Investors saw those same trends play out in the fiscal quarter that just closed, with growth in the used car business offsetting stubborn weakness on the new car side.
Here's how the headline results compared to prior-year period:
Data source: Penske's financial filings.
What happened this quarter?
Penske's sales volume shrank for a second straight quarter as slumping new vehicle sales were only partially offset by gains in the used car, financing, and servicing divisions. The dealership's profitability dipped slightly on a per-car basis but rose overall thanks to expense discipline.
Image source: Getty Images.
A few key highlights of the quarter:
- The volume of vehicle sales fell 2% as a 7% drop in new car sales overwhelmed a 3% uptick in the used car business. The new car weakness was a slight surprise, given that management had blamed temporary inventory issues for similar challenges back in late October.

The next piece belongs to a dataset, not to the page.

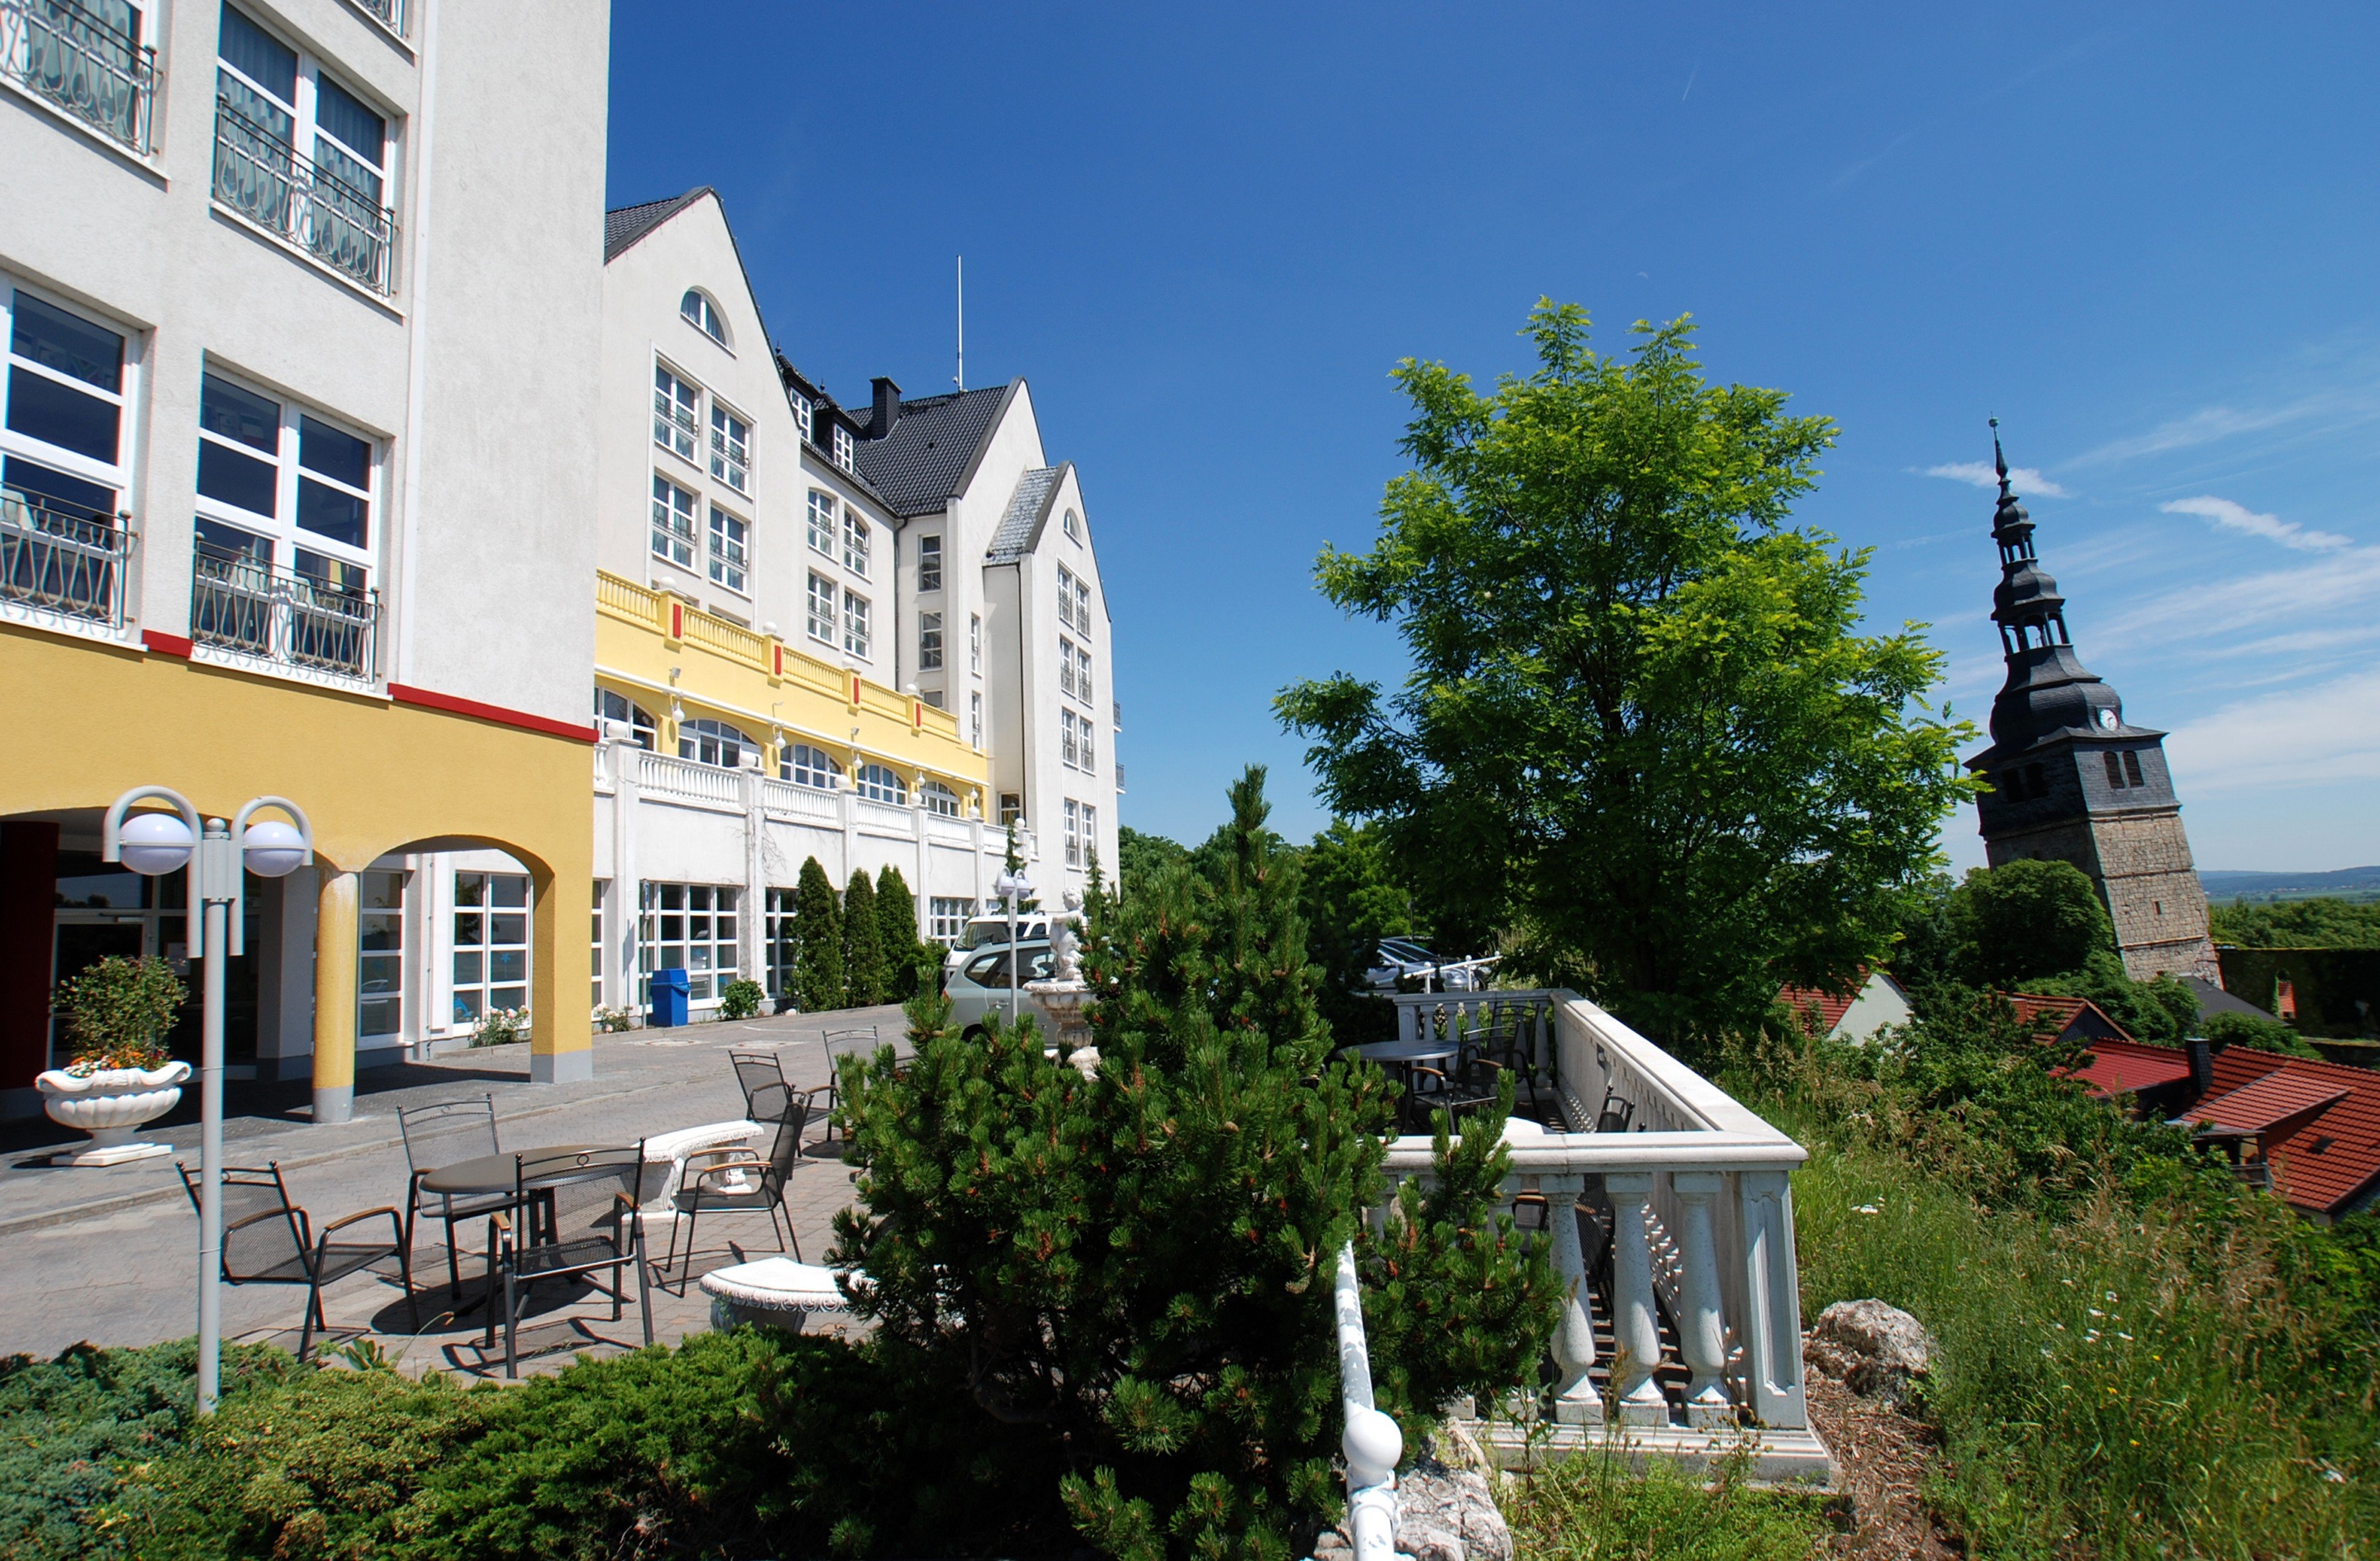 4 Tage Kyffhäuser – Auf den Spuren von Barbarossa – Wellness-Hotel Residenz (4 Sterne) in Bad Frankenhausen, Thüringen inkl. Halbpension

- Same-store sales fell into negative territory to mark the second straight quarter of decelerating results. That metric was flat last quarter and expanded by 9% in the fiscal second quarter.
- Gross profit per vehicle ticked up for used cars but fell 5% in the new car segment in another indication of worsening demand trends.
- Lower expenses helped operating income hold steady at $136 million, or 2.5% of sales.
- Penske booked a significant one-time tax benefit in the prior year, which explains why reported profit cratered by 70%. After accounting for temporary charges, adjusted earnings rose 10%.
What management had to say
Executives focused their comments on the wider 2018 performance that included operating wins for the company such as record revenue and sales volumes and a 23% spike in adjusted profits. "2018 was the best year in the history of Penske Automotive Group," CEO Roger Penske said in a press release.
As for the fourth quarter, management credited wins in the used car business and in the company's commercial truck operation for supporting overall growth that nonetheless fell below expectations. "Product availability in Western Europe of certain brands...impacted our performance during the quarter," Penske was quoted as saying.
Penske's weakening new vehicle segment implies that the company might struggle in 2019 to match the 3% overall sales volume increase, or the 3% boost in same-store sales, that it notched last year. However, the latest results demonstrate that the business can generate healthy profits even during periods of modest industry contraction. After all, operating earnings rose 10% over the past year to significantly outpace the company's reported 6.5% revenue increase.
Executives don't issue detailed sales forecasts, but it's likely that Penske is aiming for a similar boost in profitability in 2019, mainly thanks to strength in areas of its business that don't rely on robust increases in new car sales.